=== Section Start ===

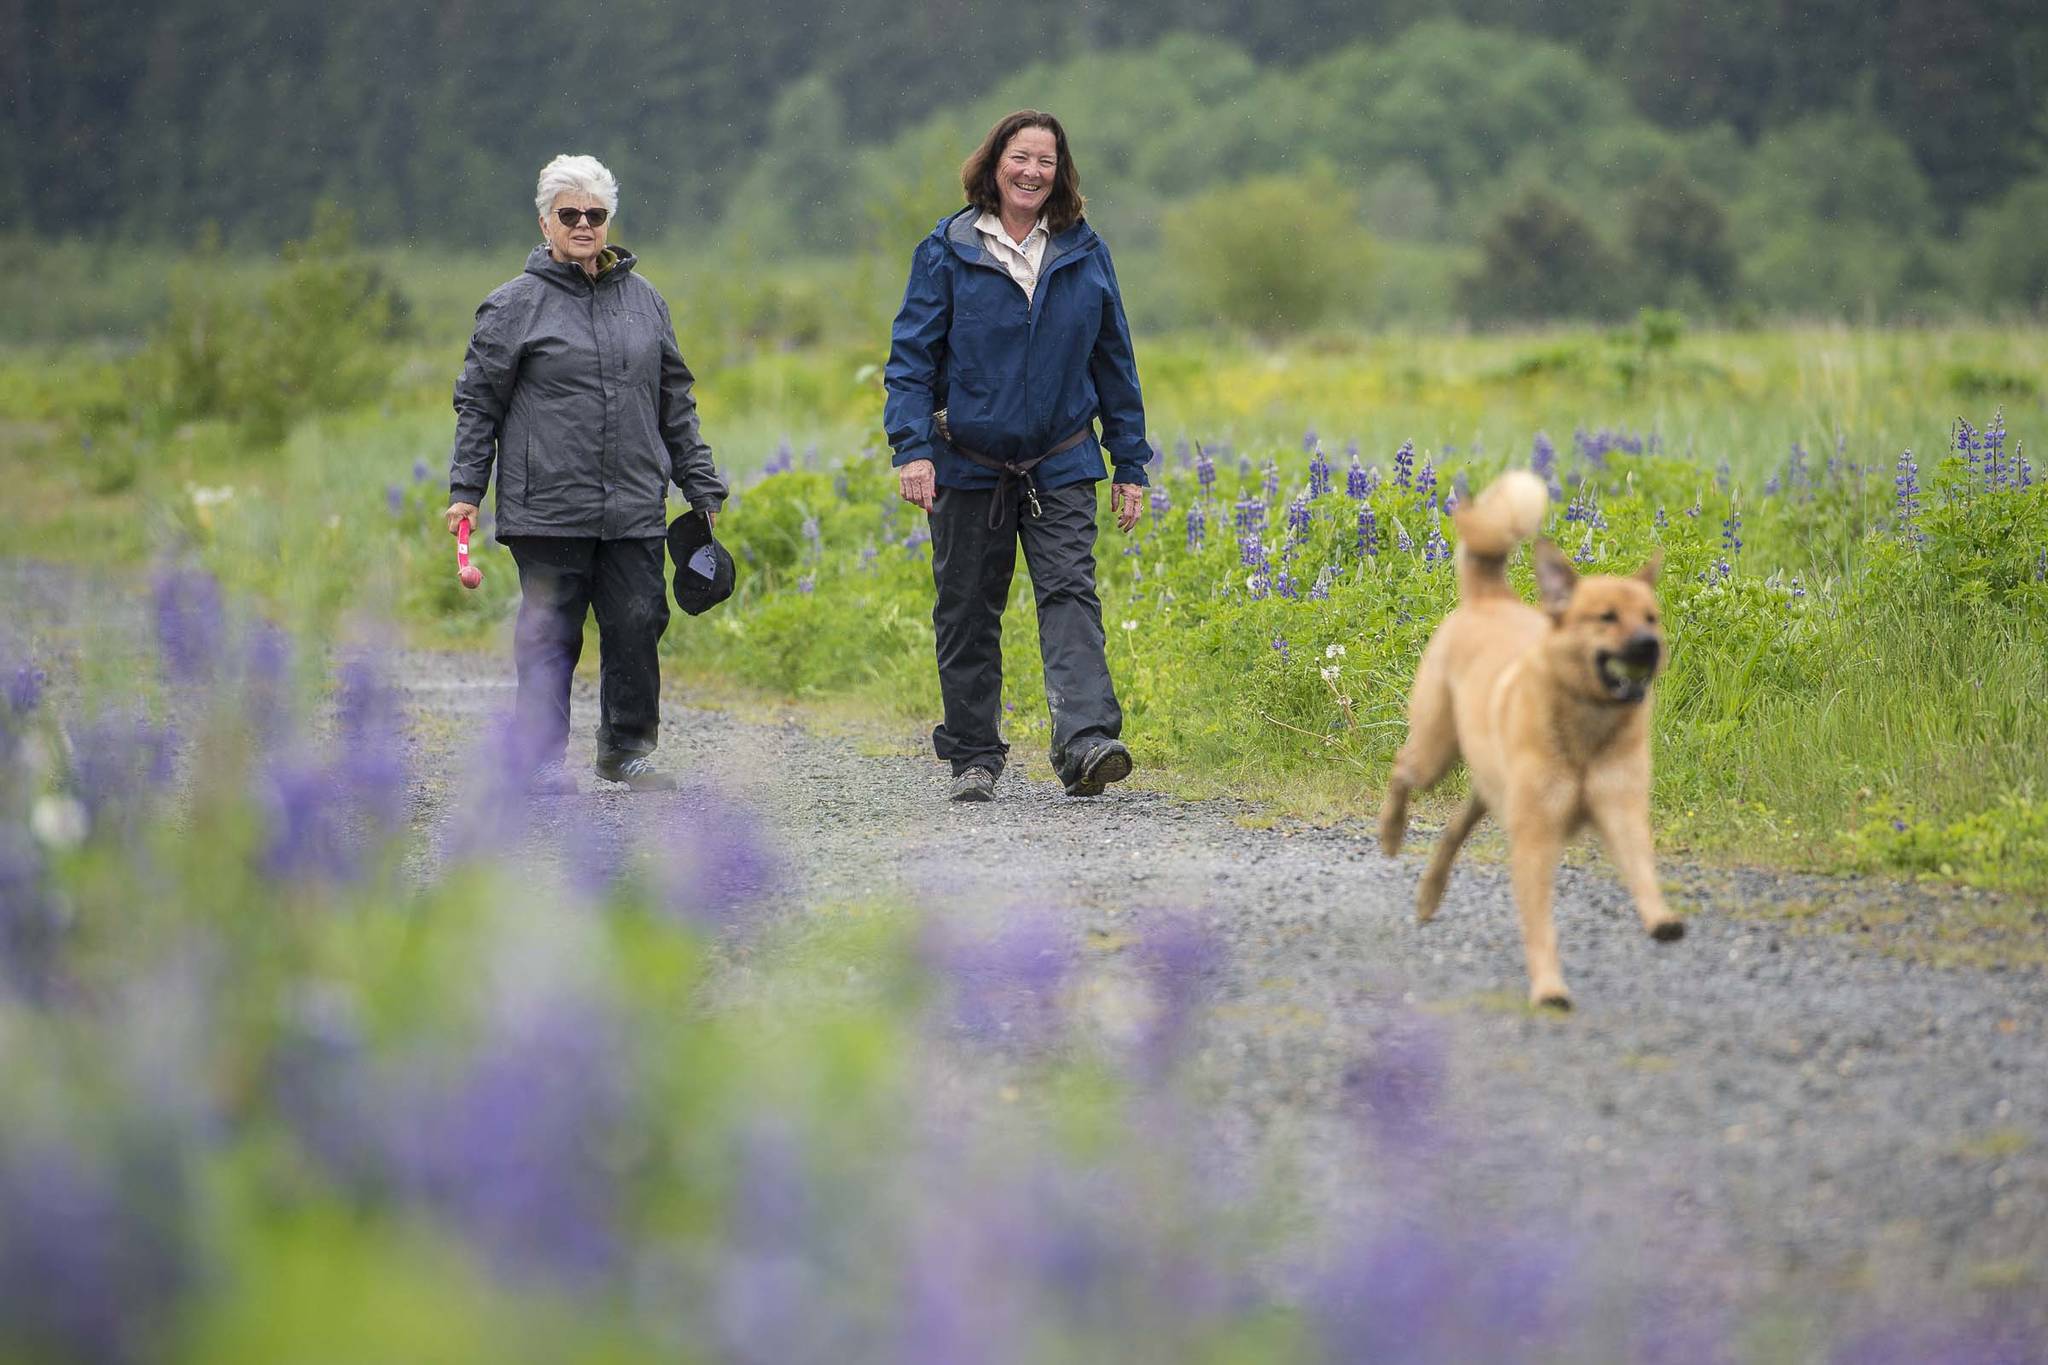 Surrounded by wildflowers, Kate McKelvey, left, and Mary Boas Hayes exercise Koa in the Mendenhall Wetlands State Game Refuge on Monday, June 3, 2019. (Michael Penn | Juneau Empire)
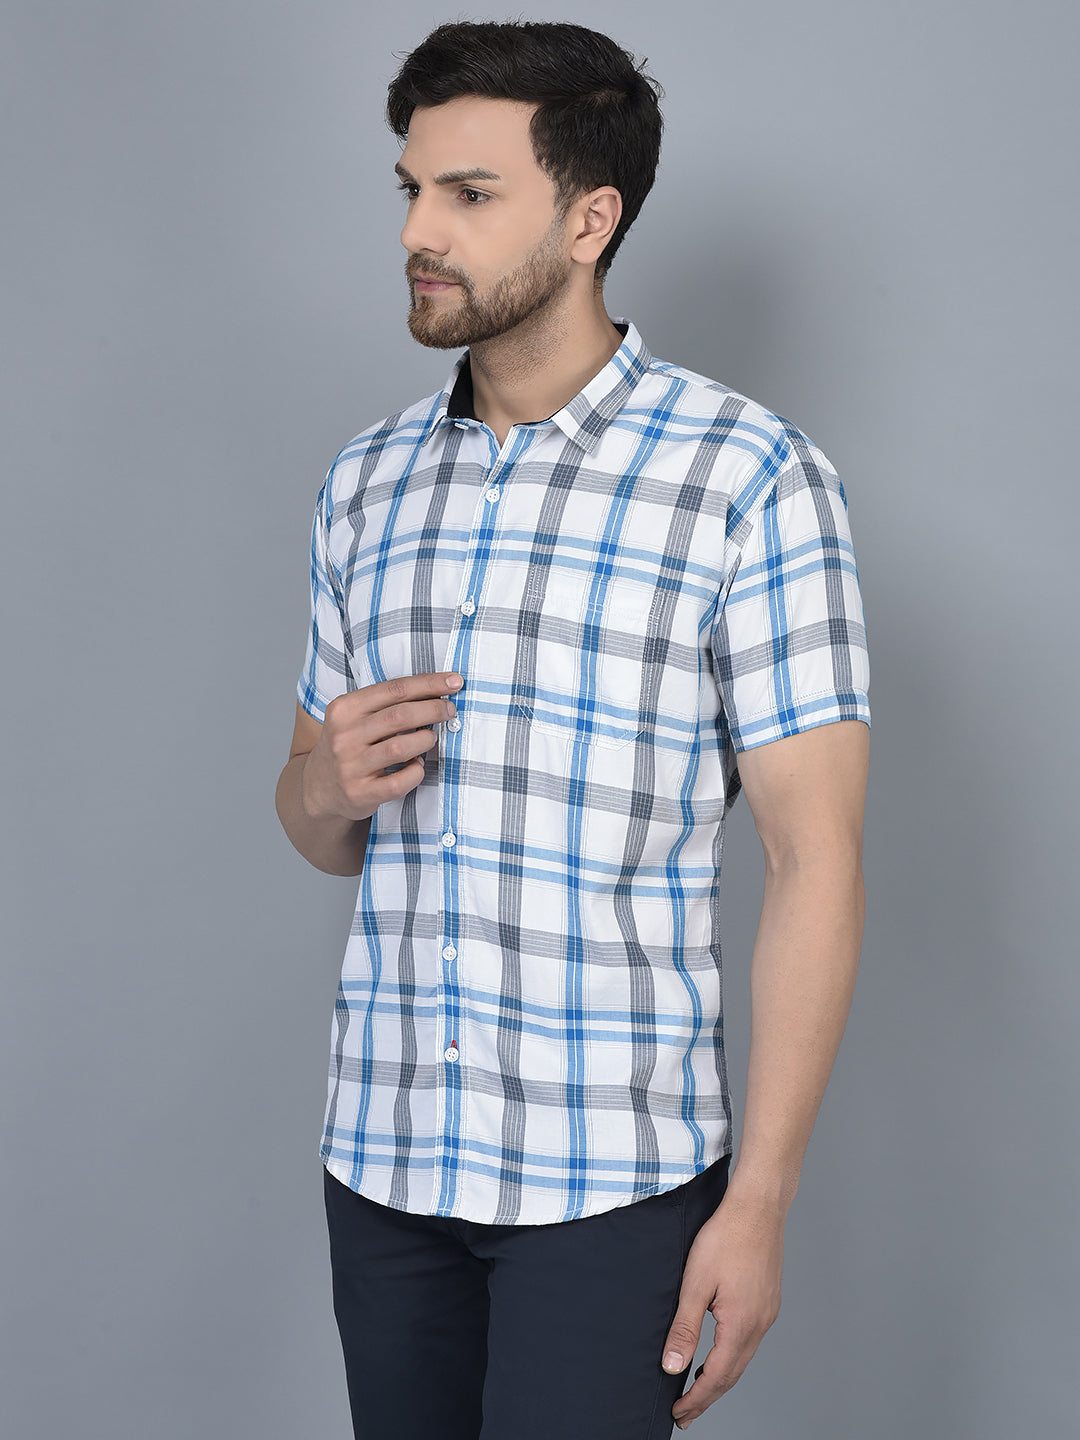 Timeless Elegance with the Cobb White Check Slim Fit Casual Shirt
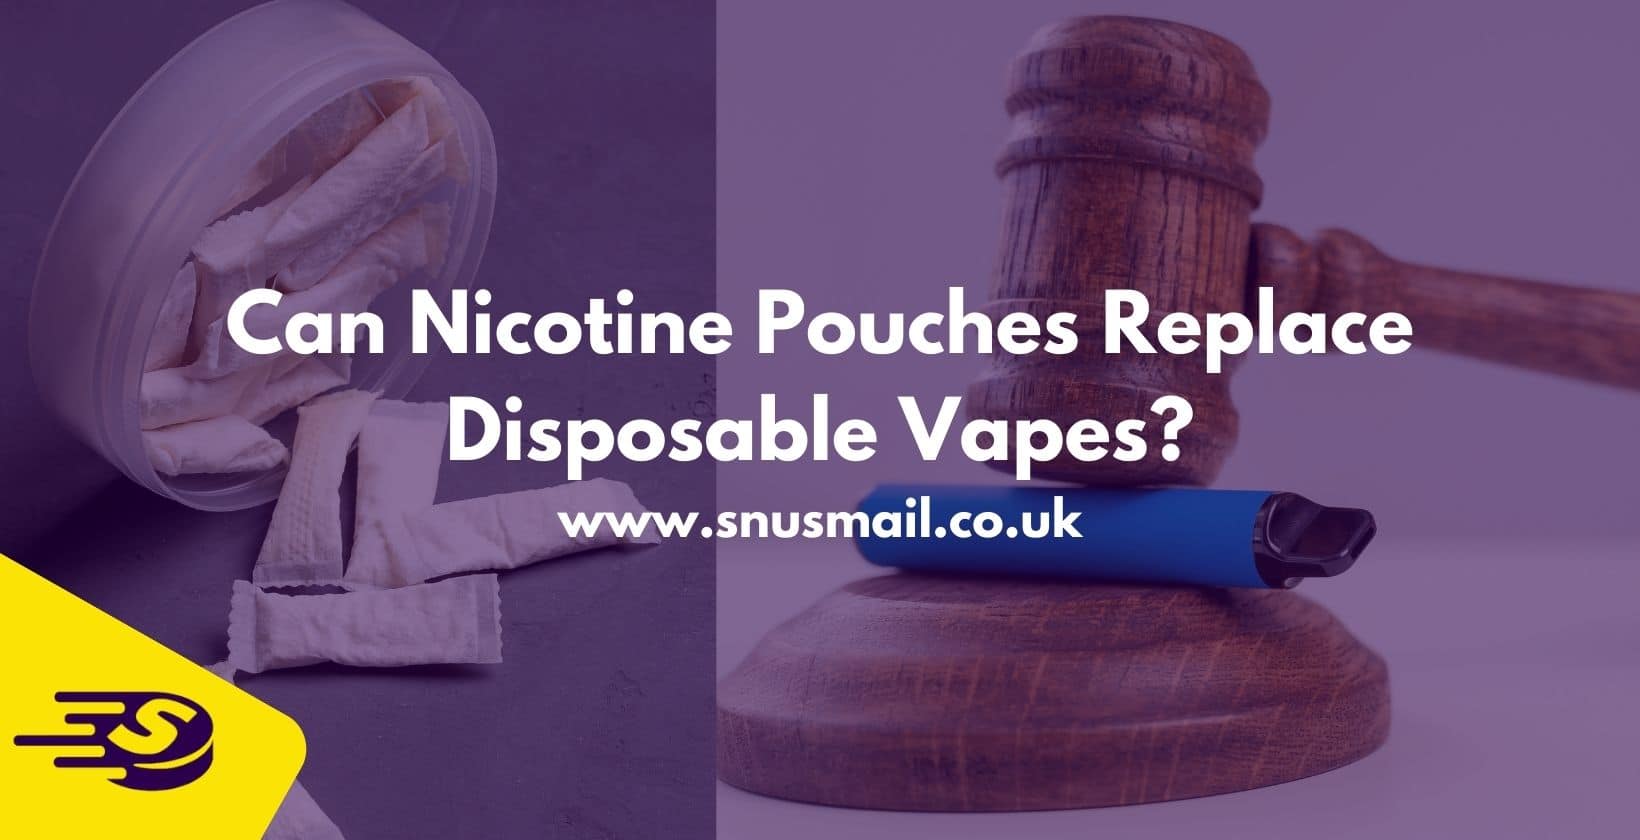 Nicotine Pouches Are Better Than Disposable Vapes
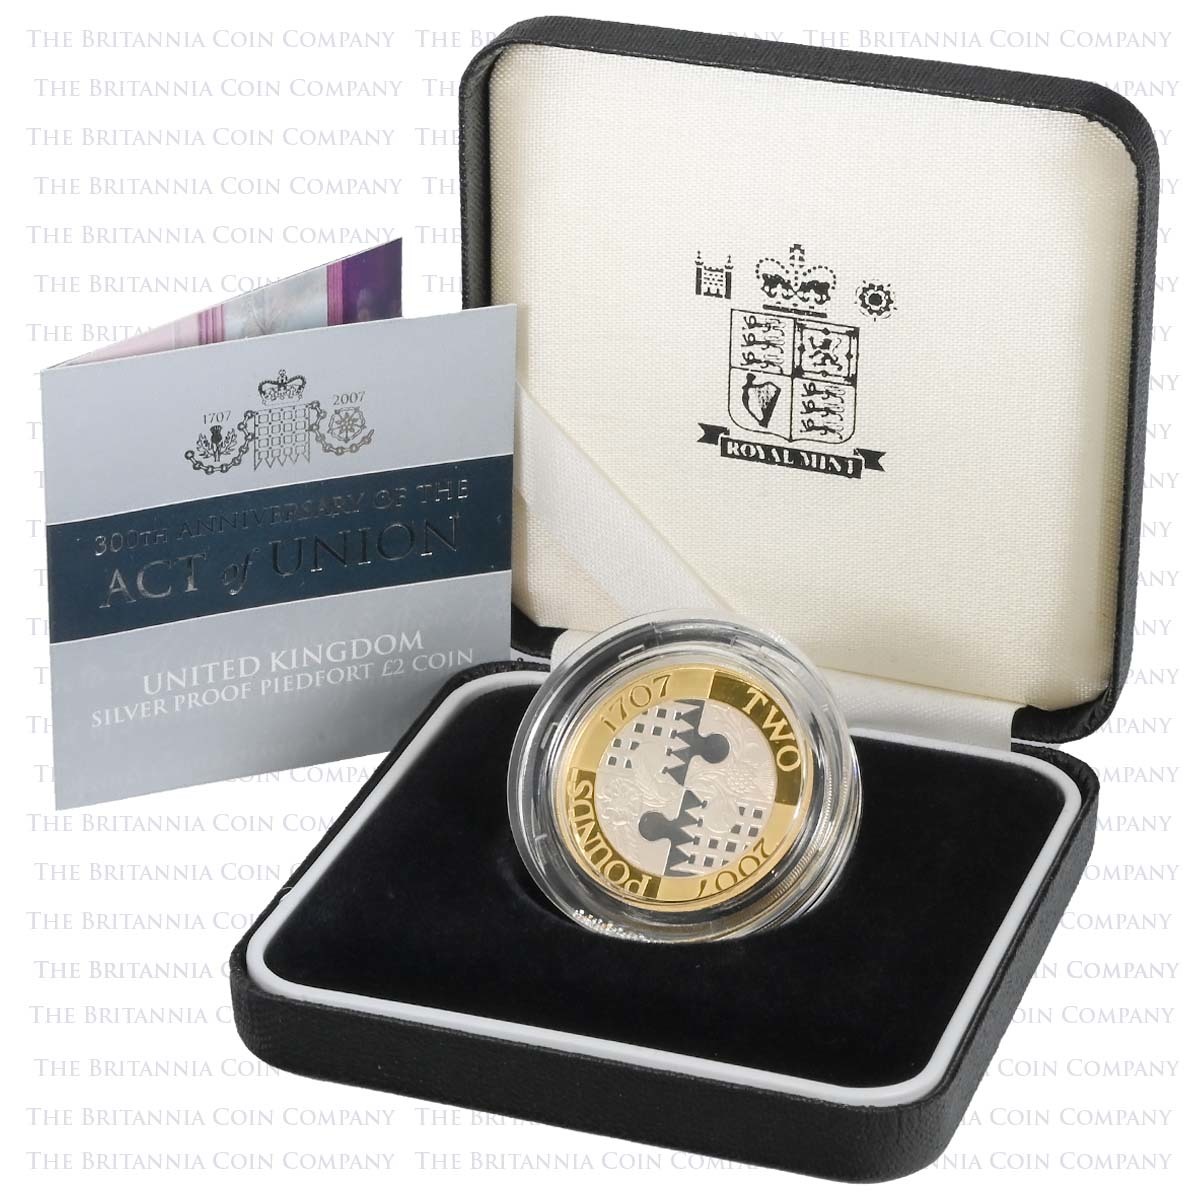 UKAOUPF 2007 Act Of Union 300th Anniversary Two Pound Piedfort Silver Proof Coin Boxed

=== Section End ===

§ Activity: Return each line of the material exactly as written; exclude the pictures.

§ Task result:
 Surrounded by wildflowers, Kate McKelvey, left, and Mary Boas Hayes exercise Koa in the Mendenhall Wetlands State Game Refuge on Monday, June 3, 2019. (Michael Penn | Juneau Empire)
 Timeless Elegance with the Cobb White Check Slim Fit Casual Shirt
 Nicotine Pouches Are Better Than Disposable Vapes
 UKAOUPF 2007 Act Of Union 300th Anniversary Two Pound Piedfort Silver Proof Coin Boxed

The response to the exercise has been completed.